T-Mobile has unveiled a new deal for the two thirds of UK mobile customers who payas-they-go rather than take out contract subscriptions.
The company claims it could cut the average cost of pre-pay calls and texts by between a quarter and one half - and it could increase pre-pay call and text volumes proportionately.
According to T-Mobile prepay provides an easy way to pick up a mobile phone, connect to a network and pay up-front for usage. It provides total budget control and is immensely popular. Twothirds of Britain's 68 million mobile customers are pre-pay.
Pre-pay however typically costs significantly more to use than contract subscriptions. This is one of the key reasons why average pre-pay customer usage is much lower.
T-Mobile believes that the cost of pre-pay is too much; that tariffs are too complex; and that a new "value map" is needed in the UK pre-pay market.

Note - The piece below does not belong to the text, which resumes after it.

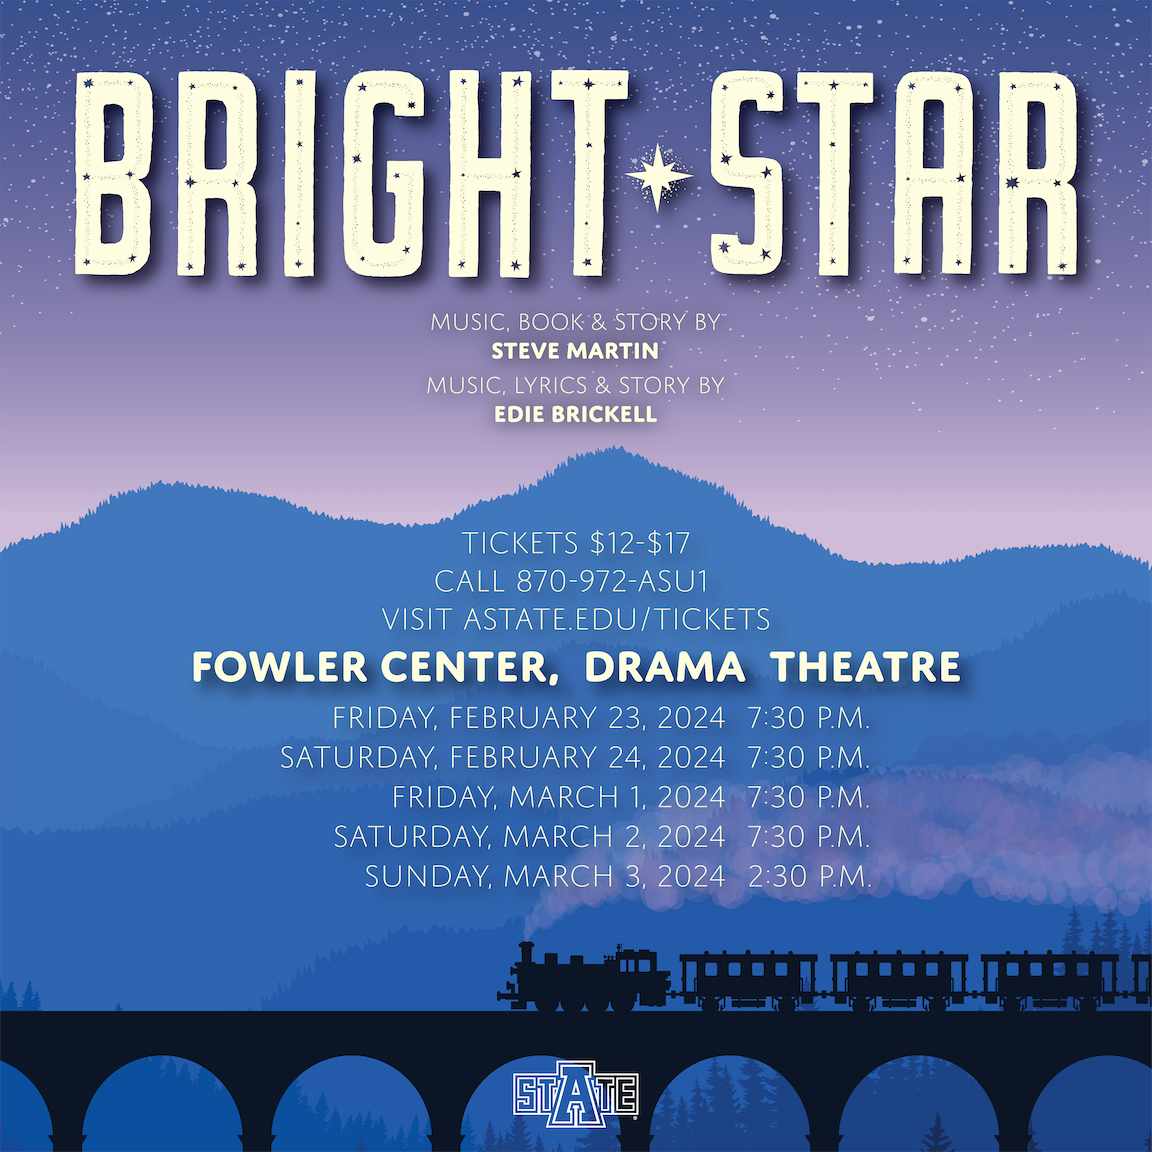 Bright Star poster featuring showtime information and the silhouette of a train on a bridge over a backdrop of blue mountains and a purple sky
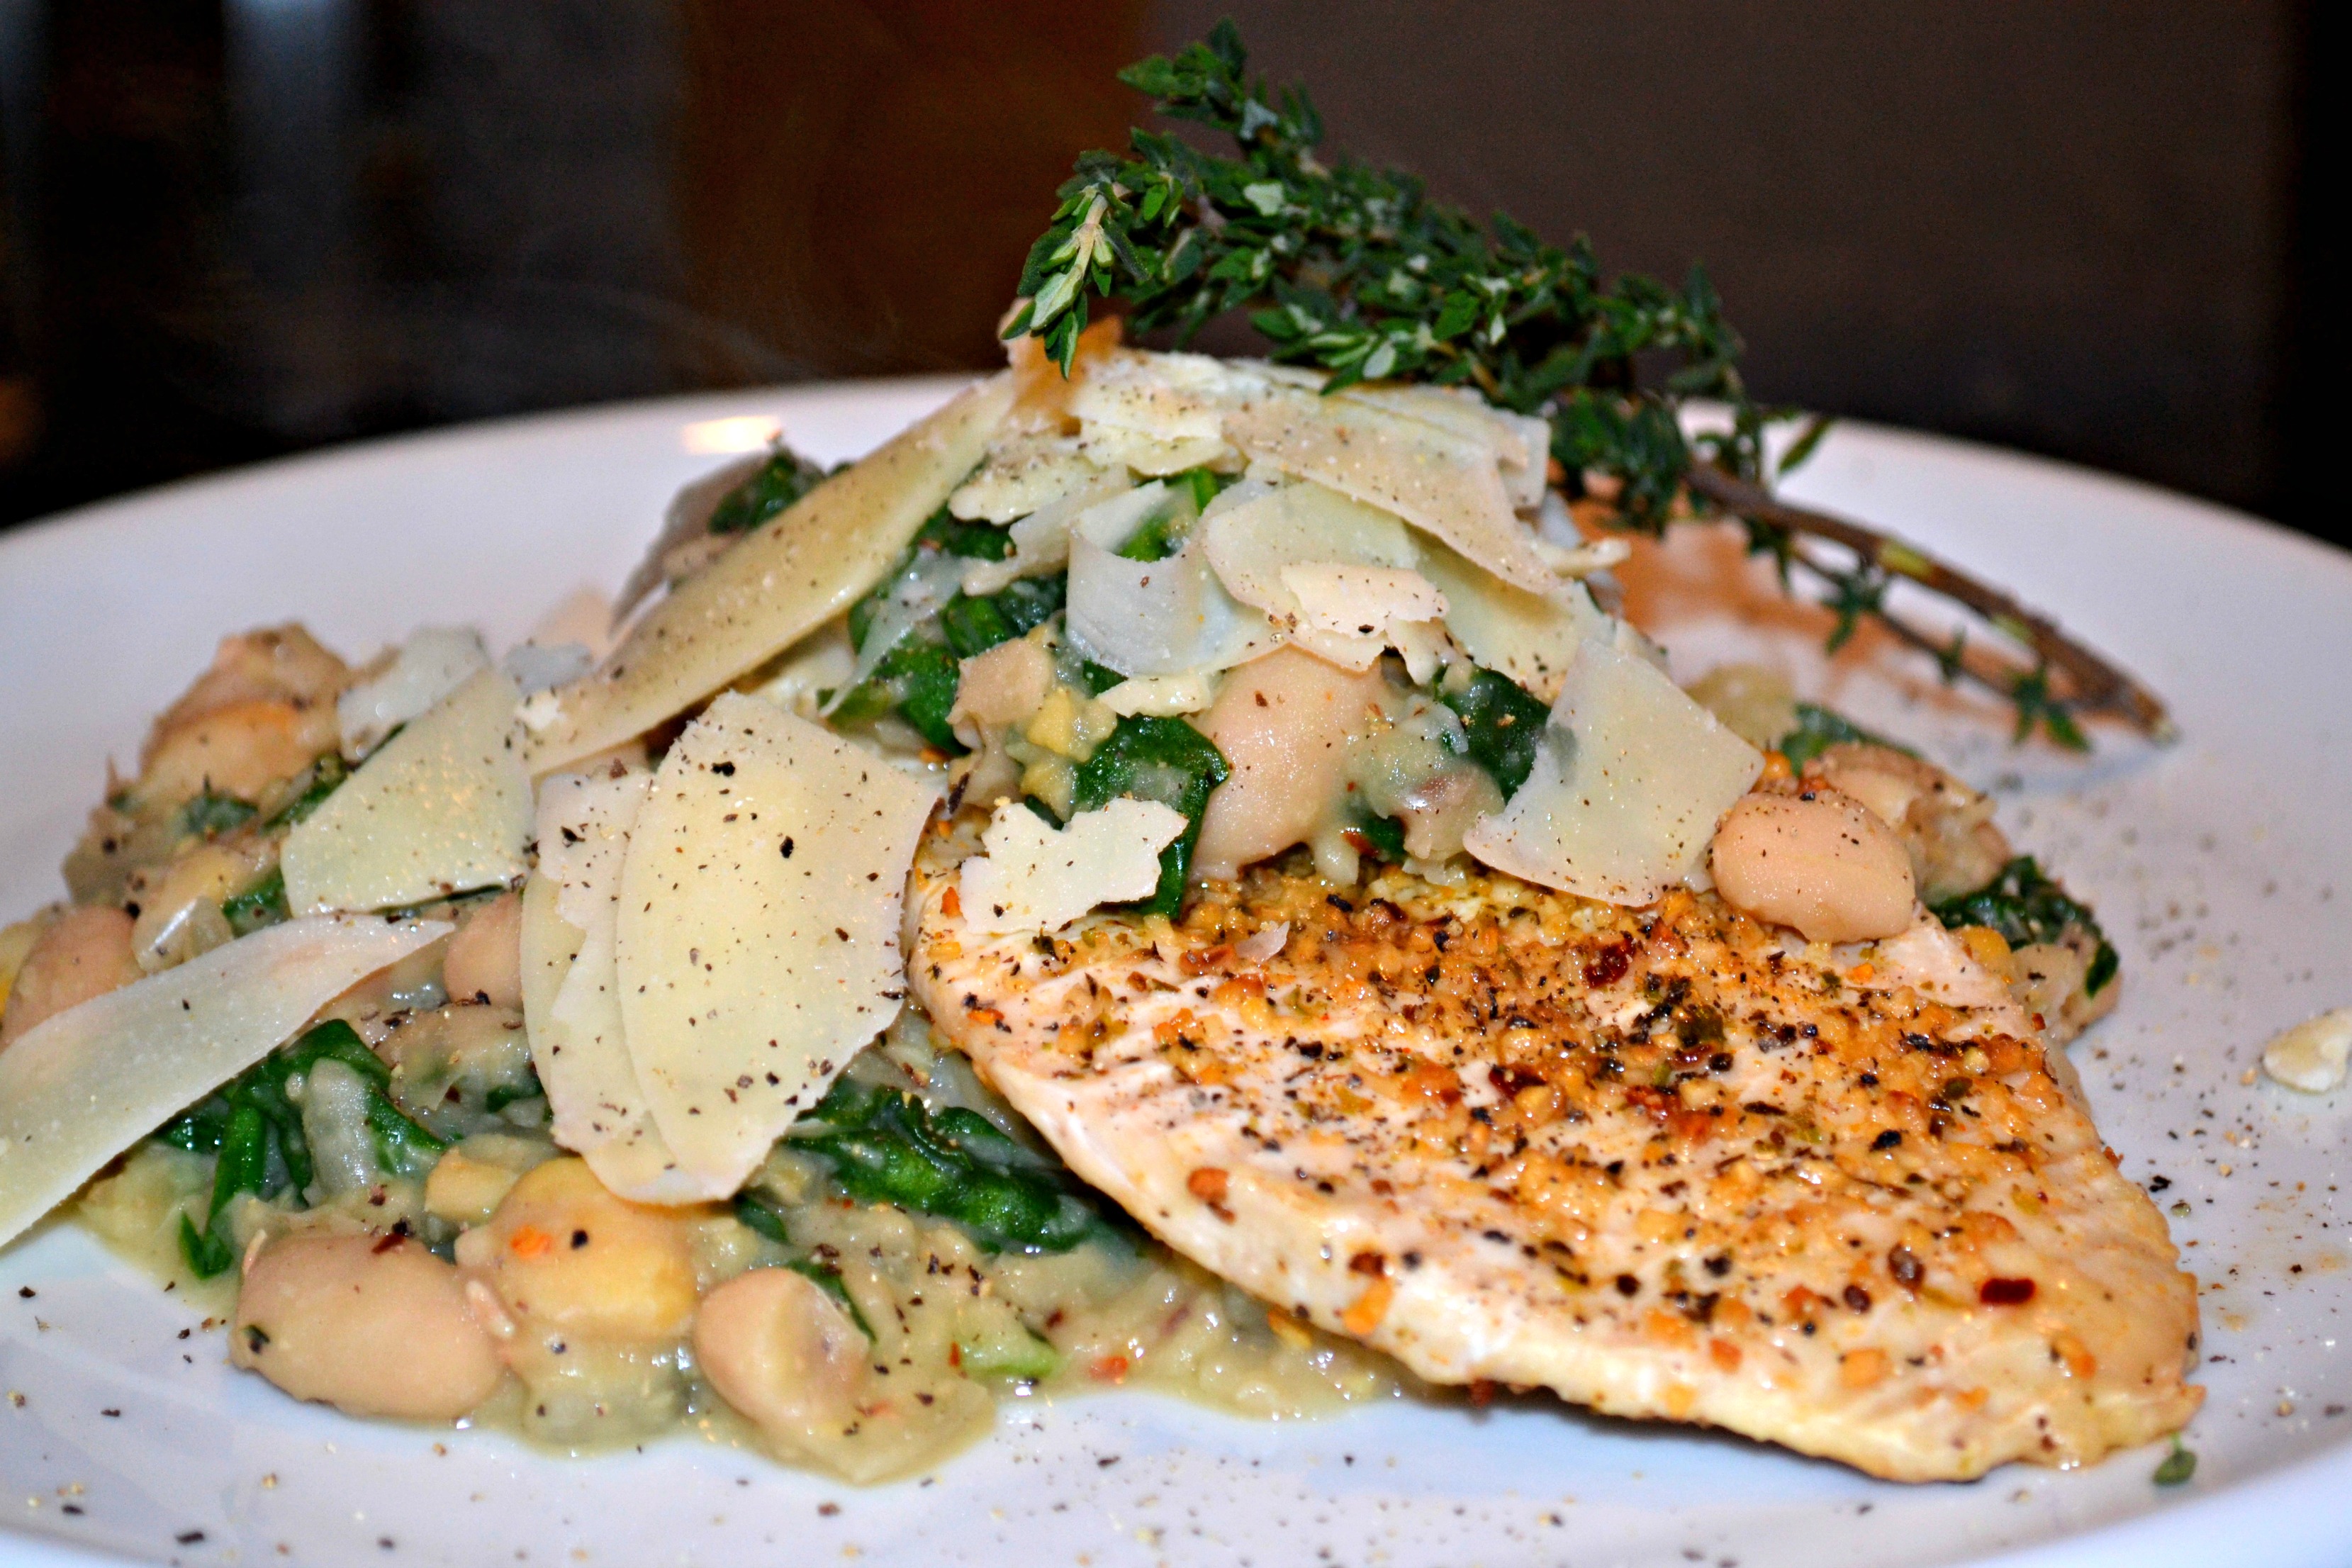 Herb-Spiced Chicken with a Spinach, Thyme and White Bean Ragout

Following its success in changing the UK contract market with its Flext, U-Fix and Relax plans, T-Mobile is now changing the UK pre-pay market by launching a new range of only three simple pay-as-you-go plans, claiming they will radically alter value while recognising the different needs of different pre-pay customers.
Jim Hyde, managing director of T-Mobile UK, said: "Mobile is great, but it has to be affordable. Just as we have shaken up the contract market, today we're shaking up the pre-pay market.
"It's good for customers and it's good for us. It makes common sense and it makes economic sense to enable customers to use their phones without worrying about cost."
Phil Chapman, chief marketing officer of T-Mobile UK, added: "Our new pay-as-you-go plans don't just change pre-pay value. They recognise the different ways customers use their phones. And they give customers the freedom to switch with no penalty if they change the way they use their phones."